Она ответила с вызовом:
– Именно, Рой. Сегодня я подала заявление, что отказываюсь участвовать в экспедиции.
– Ваш жених не протестовал, не отговаривал вас?
– Ещё бы не протестовал! Это ведь его любимая мысль, что он положит начало поколению звездолюдей, родившихся вдали от Земли. Но отговорить меня он не смог. Я ему сказала, что если его незначительные сто двадцать любов все-таки искренни, то он не оставит меня одну на Земле. У вас ещё есть вопросы. Рой?
– Больше вопросов у меня нет, Армина.
– Итак, естественный финал всех твоих научных изысканий, Шура. И это твоё открытие – закрываем, – хмуро сказал Рой, когда Армина ушла.
– Панов и звука не проронил, как и обещал, пока шёл разговор Роя с Арминой. Но слова Роя нельзя было оставить без ответа.
– Почему закрываем? Если оно не понравилось одной Армине…
– Да, оно не понравилось только ей, только одному человеку. Но этого достаточно, чтобы развалился хороший коллектив. Отменяется уникальный рейс! Да и только ли ей не нравится? Проведи свою любовную классификацию у всего человечества – все ли будут довольны? Не найдутся ли миллионы Армин?
– Не понимаю, что ты имеешь против моего открытия?
– Только то, что оно не нужно. Оно – не доброе. В нем вреда больше, чем пользы.

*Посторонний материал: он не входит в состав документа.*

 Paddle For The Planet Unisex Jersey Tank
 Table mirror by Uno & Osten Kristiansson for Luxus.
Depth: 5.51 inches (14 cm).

– Человек должен знать себя. Это открытие даёт новую информацию о человеке! Помнишь первое требование древних: познай самого себя. Именно это я и делаю! Человечество всегда стремилось к знанию! Знать, знать, знать – вот девиз человеческого развития, вот смысл всех открытий! Против чего ты протестуешь?
– Против твоего допотопного представления о знании. К добру или злу ведёт твоё знание – вот в чем вопрос. Открытия даются трудно, поэтому стараются открыть то, что приносит благо, а не вред. На вредные открытия сейчас не тратят ни средств, ни времени, ни интеллекта. Мы же не в двадцатом веке живём, Шура.

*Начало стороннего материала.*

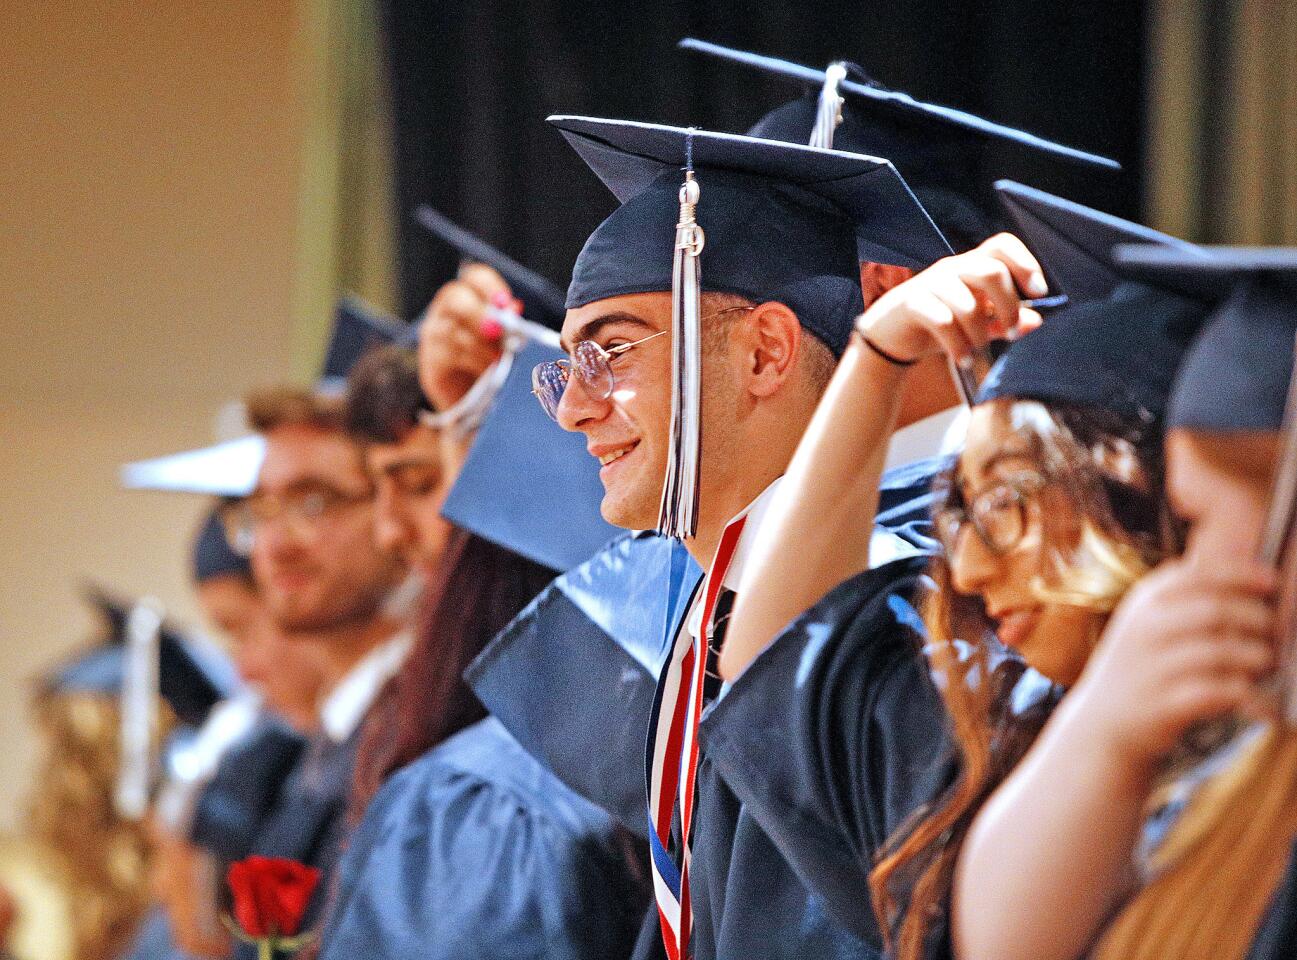 Graduating Daily High School senior Aram Baghdasaryan smiles to the audience after turning his tassel as a symbol of graduating at the graduation ceremony for Daily High School and Verdugo Academy at First United Methodist Church in Glendale on Monday, June 10, 2019.
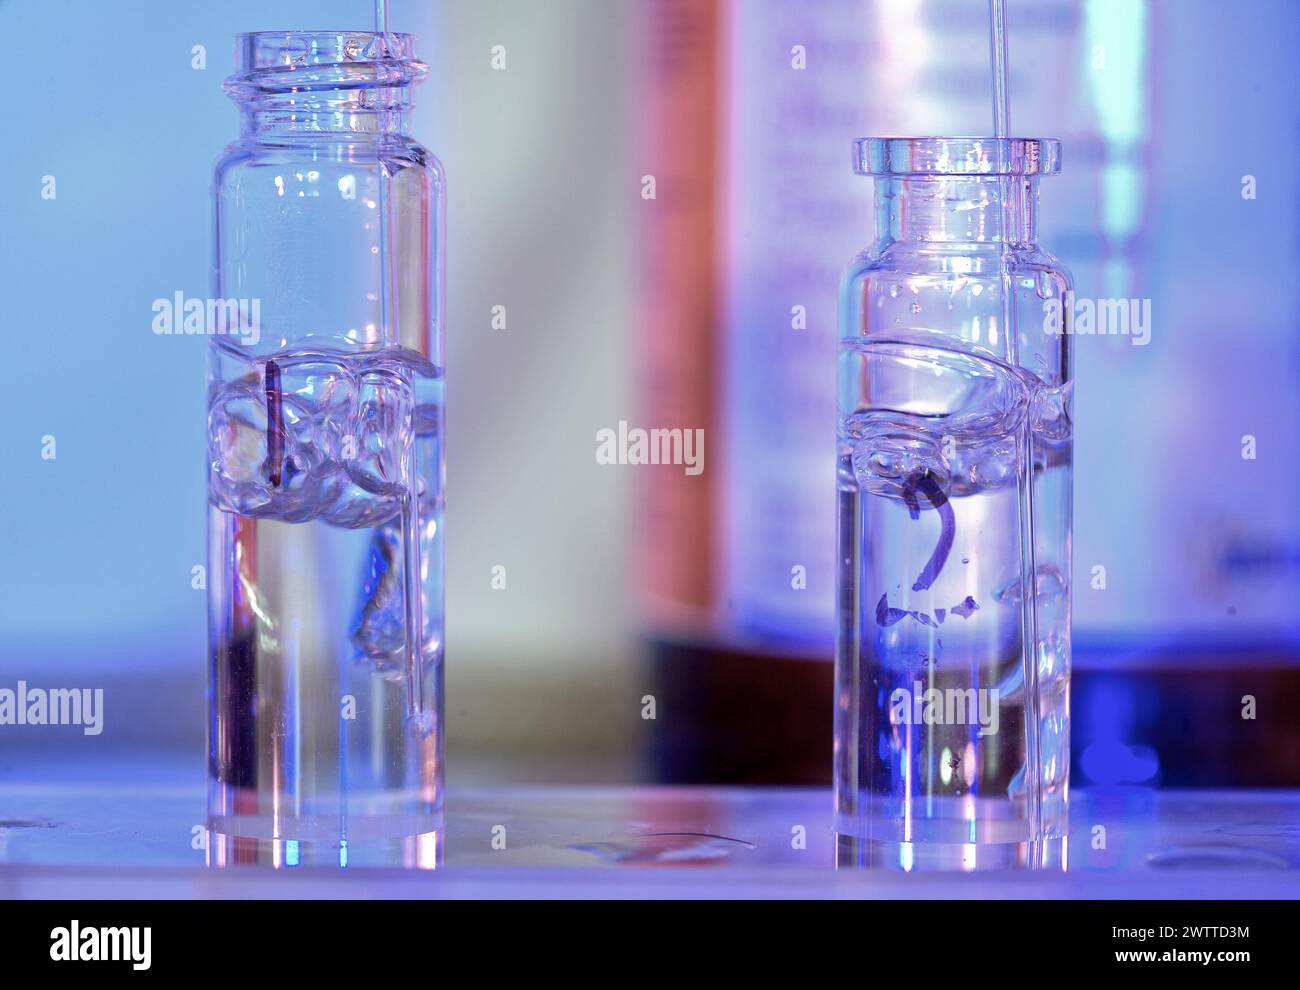 Two laboratory vials containing biological specimens in a blue-lit scientific setting Stock Photo

– Как ты заранее узнаешь, полезно или вредно твоё открытие?
– В простых случаях это бросается в глаза. Сегодня несложно найти способ выращивать рога у свиньи, но какая от этого польза? И эти твои любы… Хочешь, я предложу тебе новую тему? Изобрети способ определять пользу и вред от любого нового открытия. Это будет великое дело! Тогда будет ясно, стоит ли совершать иное открытие или лучше воздержаться. Многие лихо творимые открытия будут отвергнуты неоткрытыми. Сколько творческого потенциала мы сбережём!
– Попробовать можно, но… Сегодня моё открытие вызывает неудобства, но почему? Люди пока несовершенны. Они не всякое знание о себе способны перенести. Так что дело не в открытии, а в людях. Меж тем требование познать самого себя вечно. Это священный принцип развития. Просто человечество ещё не доросло до этого. Ему пока страшно узнавать самого себя. Оно боится самого себя! Уверен, лет через сто никакая влюблённая пара и не подумает вступать в брак без подробного психоэнергетического обследования своих чувств.
– Лет через сто? Может быть. Значит, введи в новую тему главным компонентом степень развития общества. А пока ты задал хорошую многомесячную работу межзвёздной комиссии.
– Она что, ищет новые пары?
– Конечно. Из старого экипажа годятся только Павел и Диана – они любят друг друга ,с равной силой.
– А новые пары, когда их найдут, они…
– Нет, Шура, конечно, нет, никакого обследования на эти твои любы. Для счастья человеку вполне достаточно знать, что его любят. Разве этого мало?